» **Assignment**
Transcribe the listing below verbatim, omitting pictures.

» **The data**
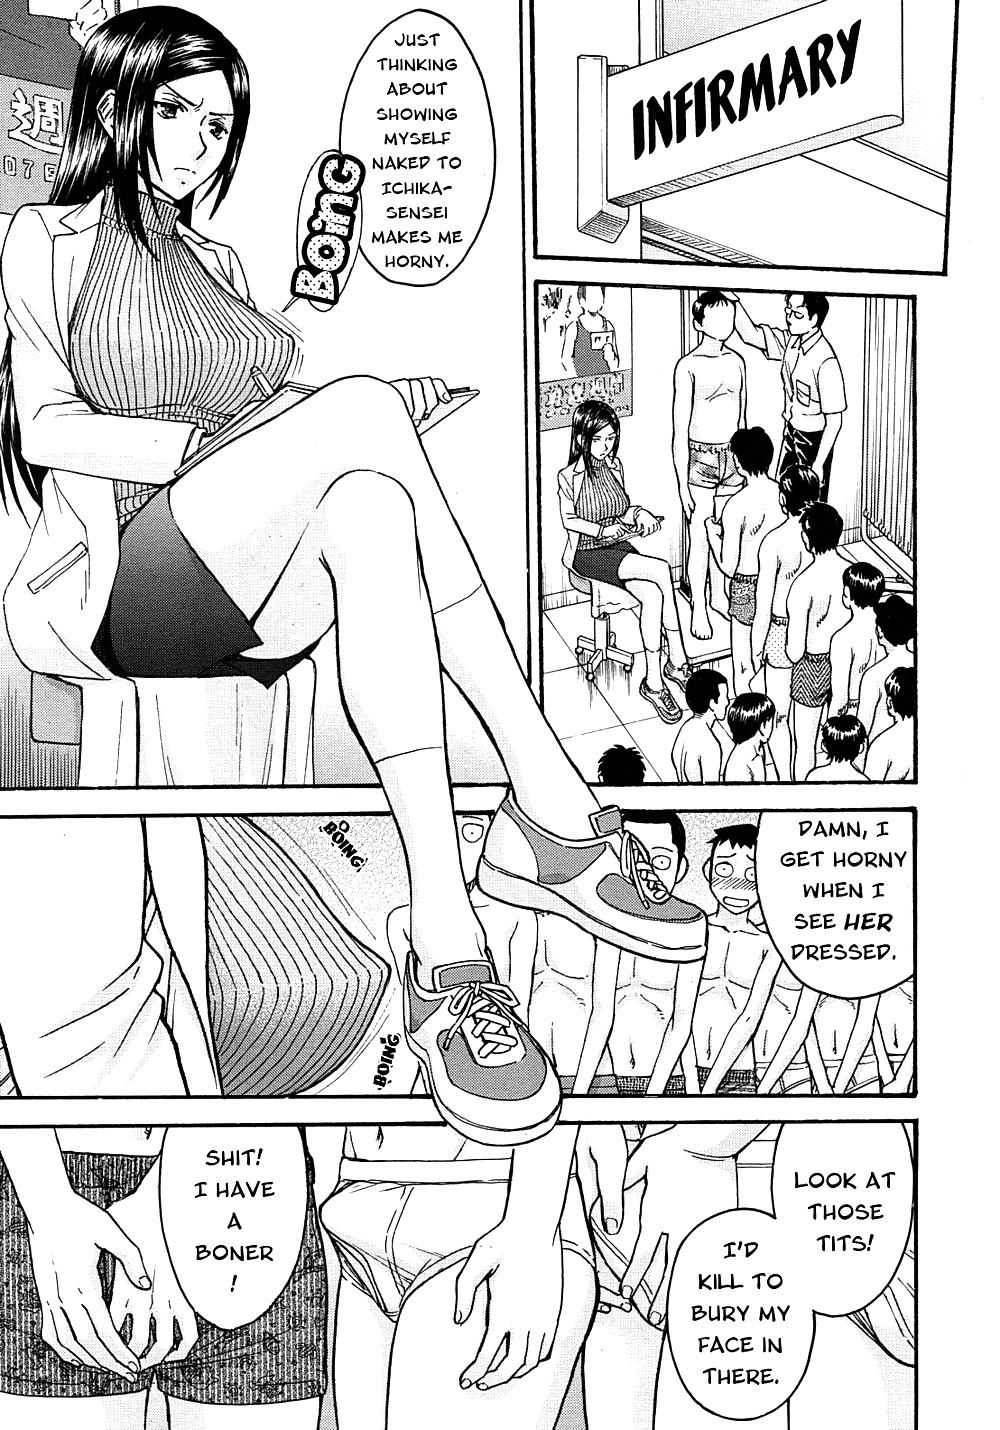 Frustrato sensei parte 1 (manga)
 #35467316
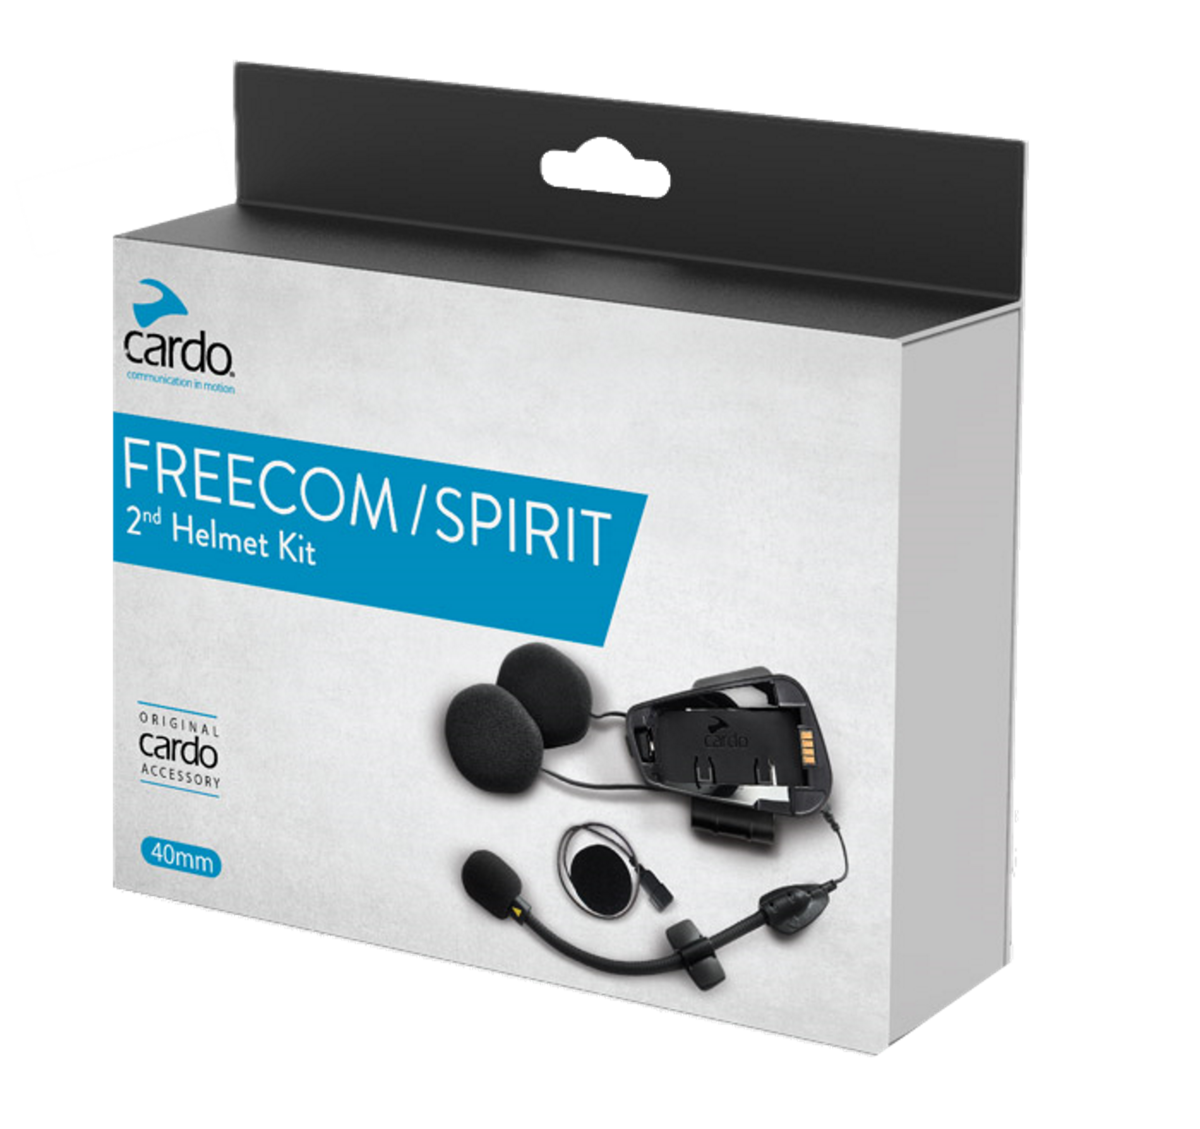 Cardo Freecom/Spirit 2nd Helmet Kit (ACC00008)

» **Task solution**
 Frustrato sensei parte 1 (manga)
 #35467316
 Cardo Freecom/Spirit 2nd Helmet Kit (ACC00008)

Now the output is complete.